Still alternatively, the interconnection between the transverse lifting straps 148a-148c may be provided in an embodiment in which the longitudinal seams 144a and 144c are formed with left and right loops respectively, connected to the outer side walls 112a of the lobes on both the top and the bottom of the device. In this embodiment, the left, right and central transverse lifting straps may be interconnected by stitching or by forming the left, right and central transverse lifting straps as an integral transverse lifting strap, and threaded the interconnected or integral transverse lifting strap through the left and right loops. The left and right loops may be formed in continuous strapping stitched along the longitudinal seams 144a, 144c (both top and bottom of device), with the loops being formed by gaps in the stitching. Alternatively the left and right loops may be formed as by discontinuous strapping stitched as loops spaced along the longitudinal seams 144a, 144c (top and bottom of device). The left and right loops are positioned in the locations shown in the FIGS. 6 and 7 for the slots 150a, 150b, so as to form sets of aligned, transversely spaced left and right loops.

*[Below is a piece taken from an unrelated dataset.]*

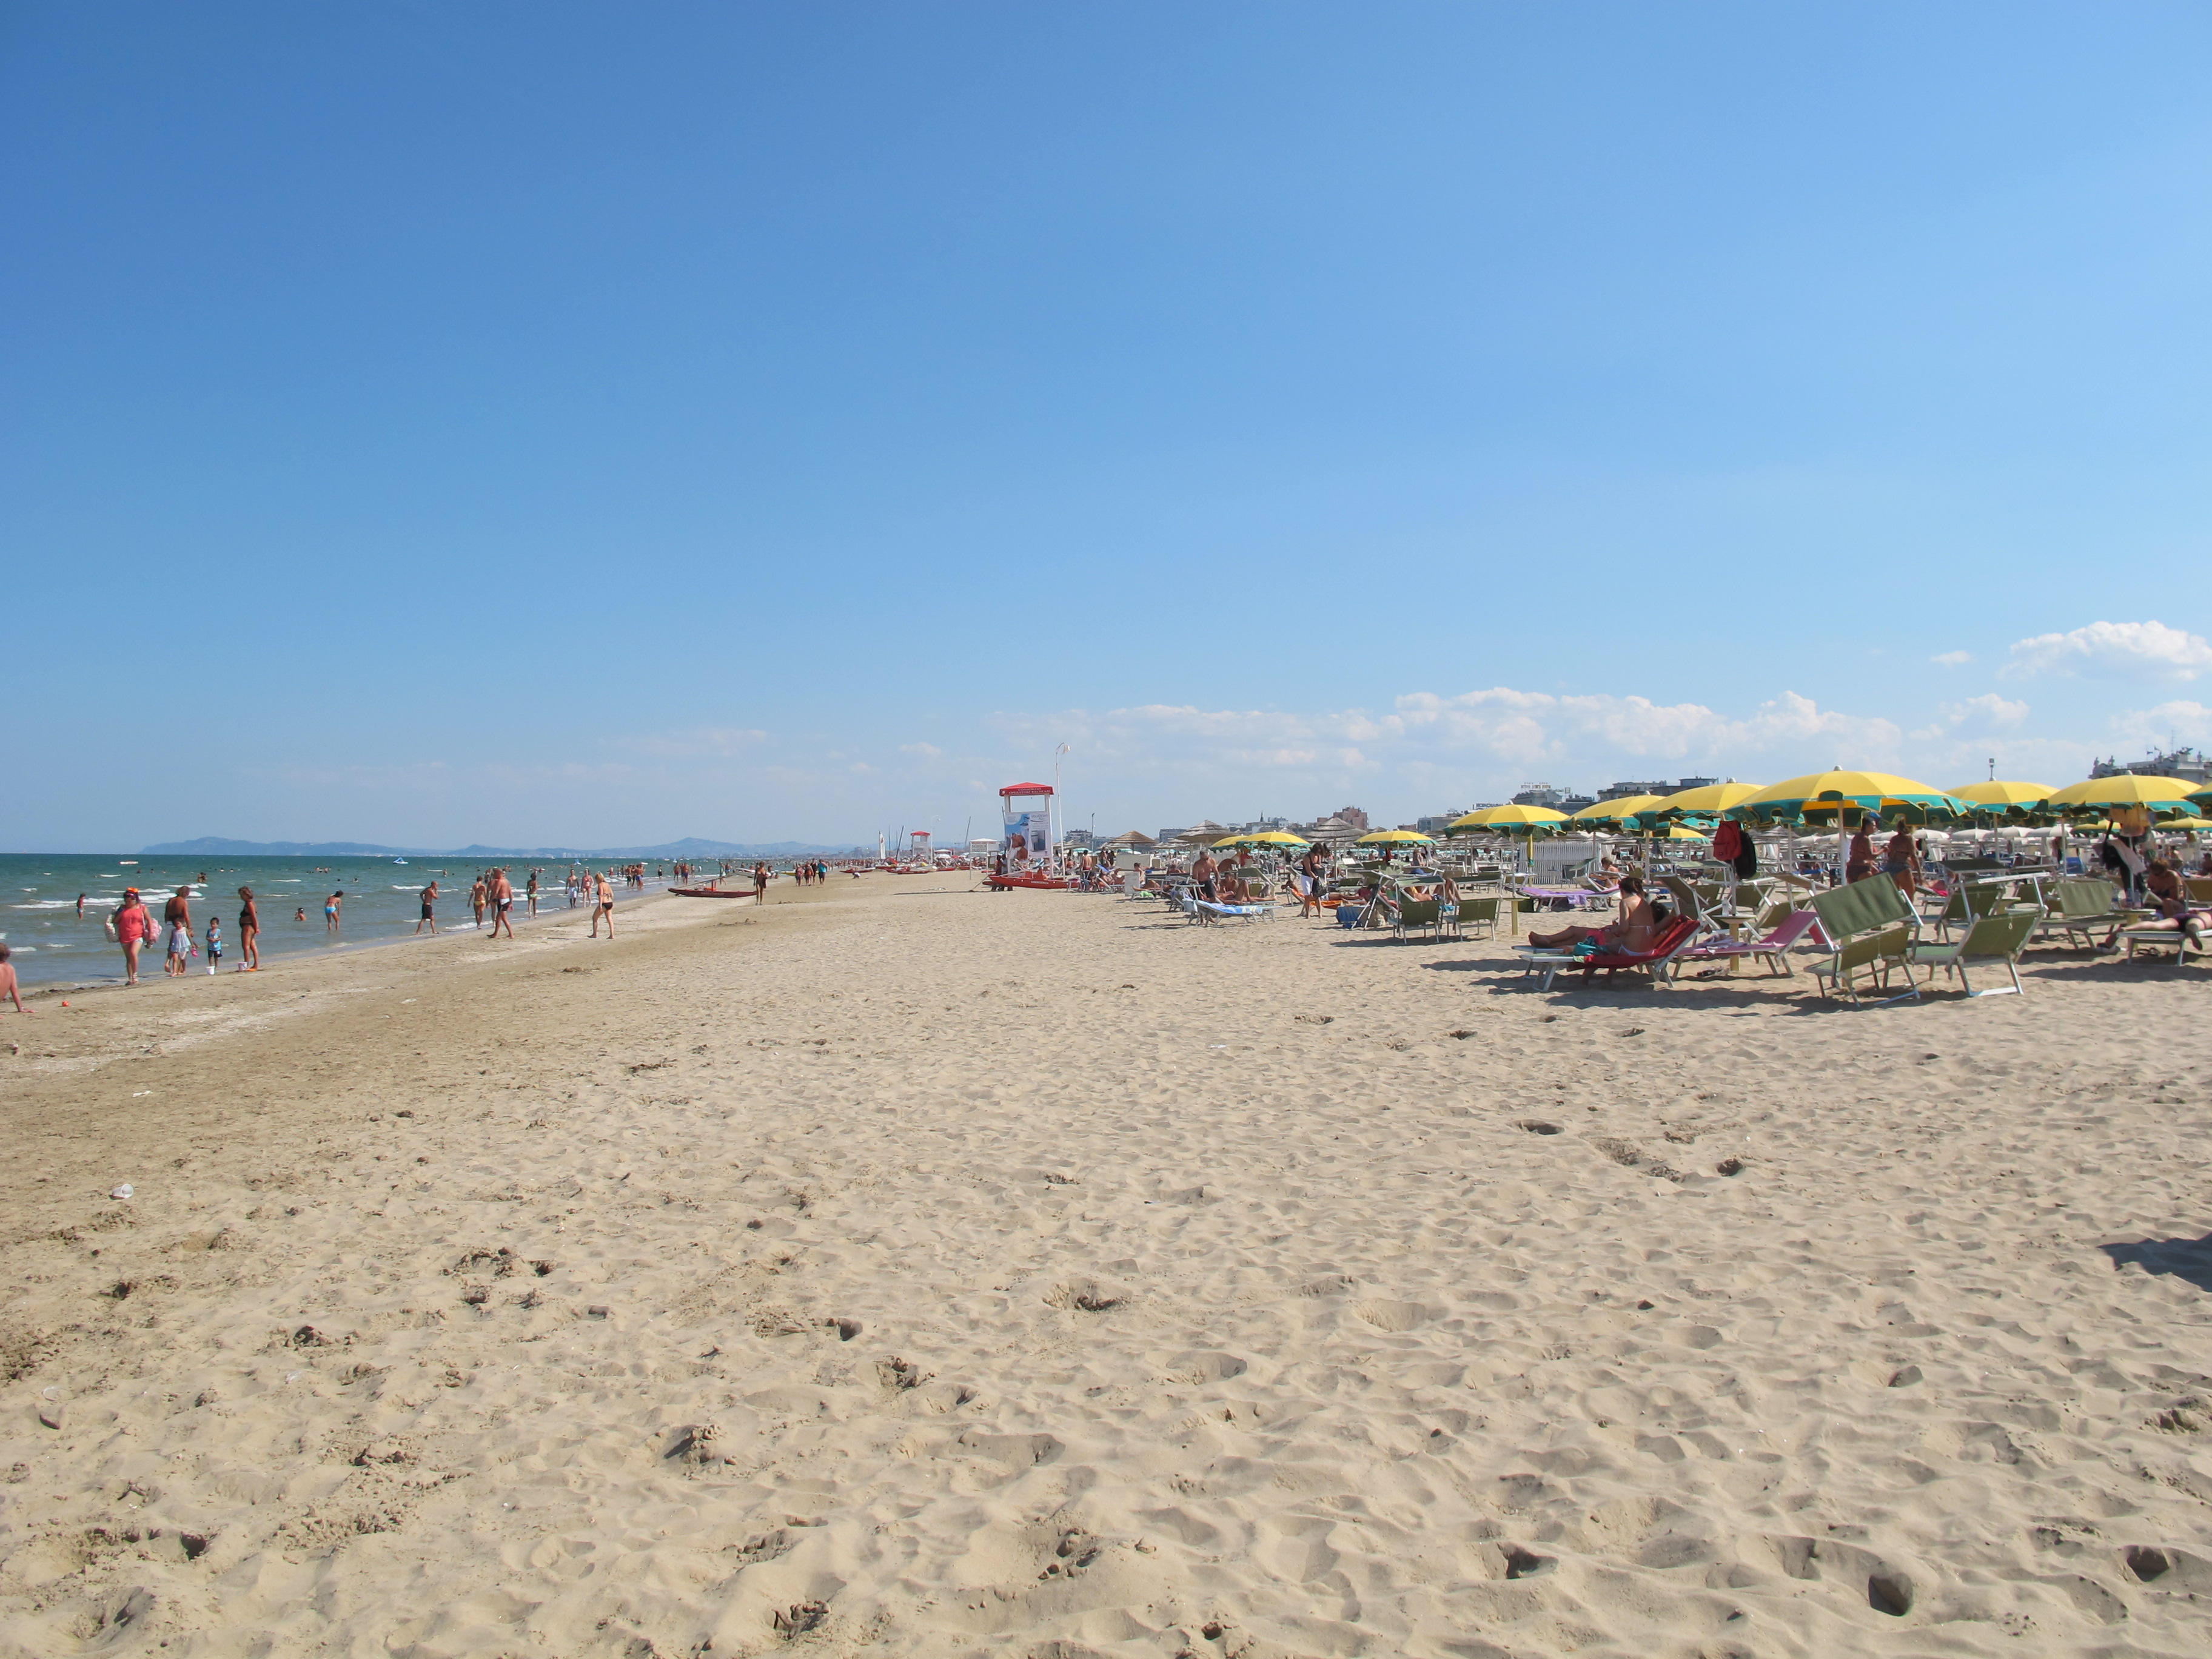 Matrimonio Sulla Spiaggia Emilia Romagna : Ferragosto last minute — idealista news

In FIGS. 6, 7 there are shown to be four each of the transverse lifting straps 148a, 148b and 148c, arranged in parallel spaced manner, extending transversely across the lobes 114a-114d. However, more or fewer of these lifting straps 148a-148c may be used, depending on the size and weight of the weighting device 100. FIG. 8 shows a schematic section through aligned, transversely spaced apart slots 150a, 150b. It will be seen that the transverse lifting straps 148a, 148b, 148c extend over the longitudinal reinforcing straps 130, so as to function as loops free of the lobes 114a-114d and free of the straps 130 during lifting. This allows the weighting device 100 to adopt an accordion folded shape (M-shape for four lobes) when a lifting hook 160 is connected to the central transverse lifting straps 148b, as shown in FIG. 9. By interconnecting the central transverse lifting straps 148b to the left and right transverse lifting straps 148a, 148b, directly by inter-looping or through the connecting loops 155, the stress on the weighting device 100 during point lifting with a lifting hook or the like is spread over the lifting straps 148a-148c, across and around the lobes, without placing excessive stress on stitching lines, seams or spot locations on the lobes 114a-114d. This is found to lessen the likelihood of tearing of the lifting straps or the lobes in the very large bag weights. As well, the accordion or M-shape adopted by the weighting device 100 during lifting is compact, with the centre line being easily identified (centre of the M) for balanced placement along the longitudinal axis of the pipeline P. When released from the lifting hook 160, the weighting device 100 unfolds in a balanced and centered manner onto the pipeline P.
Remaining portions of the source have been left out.